Двое сходились, один на двух ногах, медленно делая шаг и еще один. Второй – на четырех лапах, чуть припадая на передние и вытягивая вперед круглую морду.
Широкий нос льва медленно двигался, втягивая из воздуха знания о хмельной привычной толпе, ее страхе и трясущейся радости, и о незнакомце, что пришел и помешал насладиться едой. Нюхая, лев ставил круглые, иссеченные шрамами уши, направляя их на каждый звук поочередно. А немигающие глаза следили за противником, не отрываясь, лишь ширя и сужая зрачки, когда на них попадал свет факела.
Лев не был голоден и будь он просто львом, то может и не принял бы вызов первым. Но бессмертный лев не терпел присутствия других мужчин. А этот был еще и мясом, тем самым, сладчайшим, что сейчас льву доставалось лишь изредка, глухими ночами, когда вокруг не было людей, кроме хозяина.
По-прежнему пригибая морду, лев вышел на середину поляны и остановился, выпрямив лапы и расправляя плечи. Горло задвигалось, рождая грозное рычание, что говорило – ну, пришелец, теперь твоя очередь сказать. Но тот молчал и не остановился.

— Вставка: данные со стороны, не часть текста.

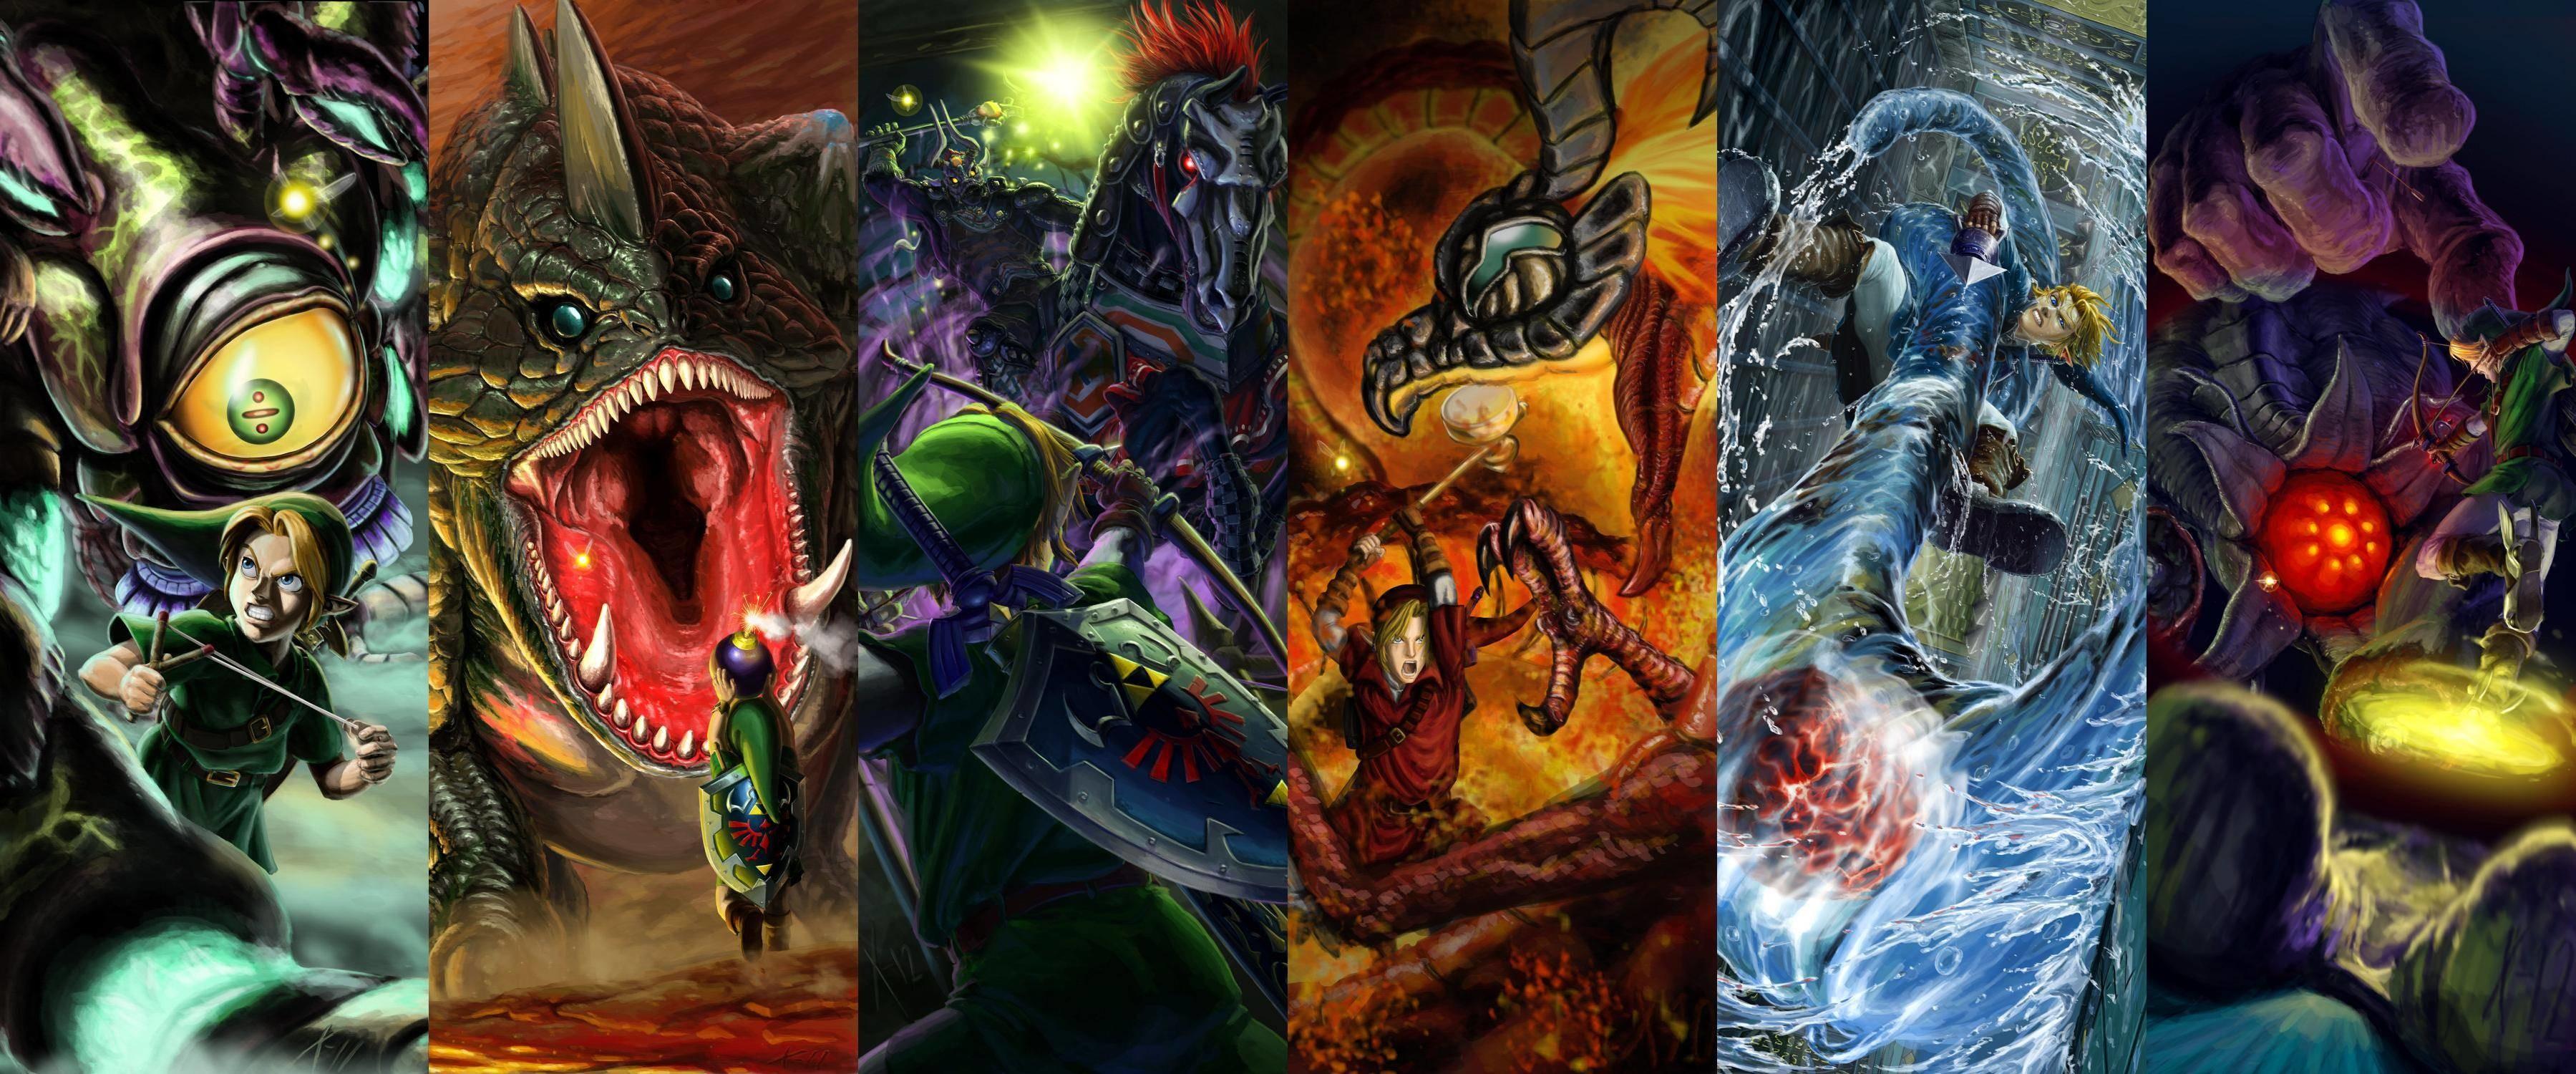 Legend Of Zelda Ocarina Of Time Wallpaper High Quality …

Медленно подходил и когда нарушил последнюю границу, лев прыгнул.
Толпа ахнула, откачнувшись от загородки, и тут же прилипла снова, когда на один вдох в красном воздухе два тела, не сплетаясь и не касаясь, будто протекли друг друга, образовав черно-серый шар из спин, конечностей, голов и мощных грудин. А через миг расплелись, оказываясь снова порознь. Лев повернулся, расставляя лапы пошире, и рявкнул. Он промахнулся! Враг проскочил между смертельных лап, будто не было в нем костей, будто он тонкая рыба, которую лев для развлечения ловил в ручье, ленясь и не стараясь поймать. И, уже не тратя времени на ритуальные разговоры, лев прыгнул опять. Вспахивая утоптанную землю когтями, присаживаясь на мощный круп, остановил движение после еще одного промаха, не поворачиваясь лицом к врагу, повалился на бок, растопырил веера когтей и, стремительно оттолкнувшись задней лапой, прыгнул, как был лежа, к присевшему на корточки Нубе. Успел зацепить крюком когтя край жесткой пятки, когда мужчина, развернувшись, улетел вверх и, мелькнув, пропал из поля зрения. Вскакивая, лев прыгнул на глухой удар о землю. Но соперник уже откатился и вскочил, держа перед собой руку с ножом.
– Водит его, водит, – закричал гнутый мужчина, не отрывая глаз от схватки и размахивая одной рукой, а другой цепляясь за соседа, – чтоб устал!
Нуба бежал, петляя и резко останавливаясь, прыгал и разворачивался, почти не глядя на льва, лишь слушая удары лап и взрыкивания. Откатываясь от загородки, услышал, как лев заревел, когда когти вонзились в жерди. Забор затрещал и люди, визжа, кинулись отступать, толкаясь, и падая друг на друга. По ноге ударила вырванная из забора жердь, Нуба схватил ее в левую руку и ткнул в морду набежавшего зверя. Еле успел расцепить пальцы, чтоб мощный рывок не вывернул ему кисть. И упал, когда когти зацепили кангу, сбивая с ног. Лев свернулся, похожий на великанского котенка, играющего с мышью, чтоб заключив добычу в объятия, прижать ее к груди и вспороть задними лапами. Но за мгновение до того, как веера железных когтей вонзились в спину соперника, взвизгнул, дергая лапой с намотанной на ней кангой. – Светлый нож прошелся поперек плененной ноги, рассекая сухожилия в сгибе.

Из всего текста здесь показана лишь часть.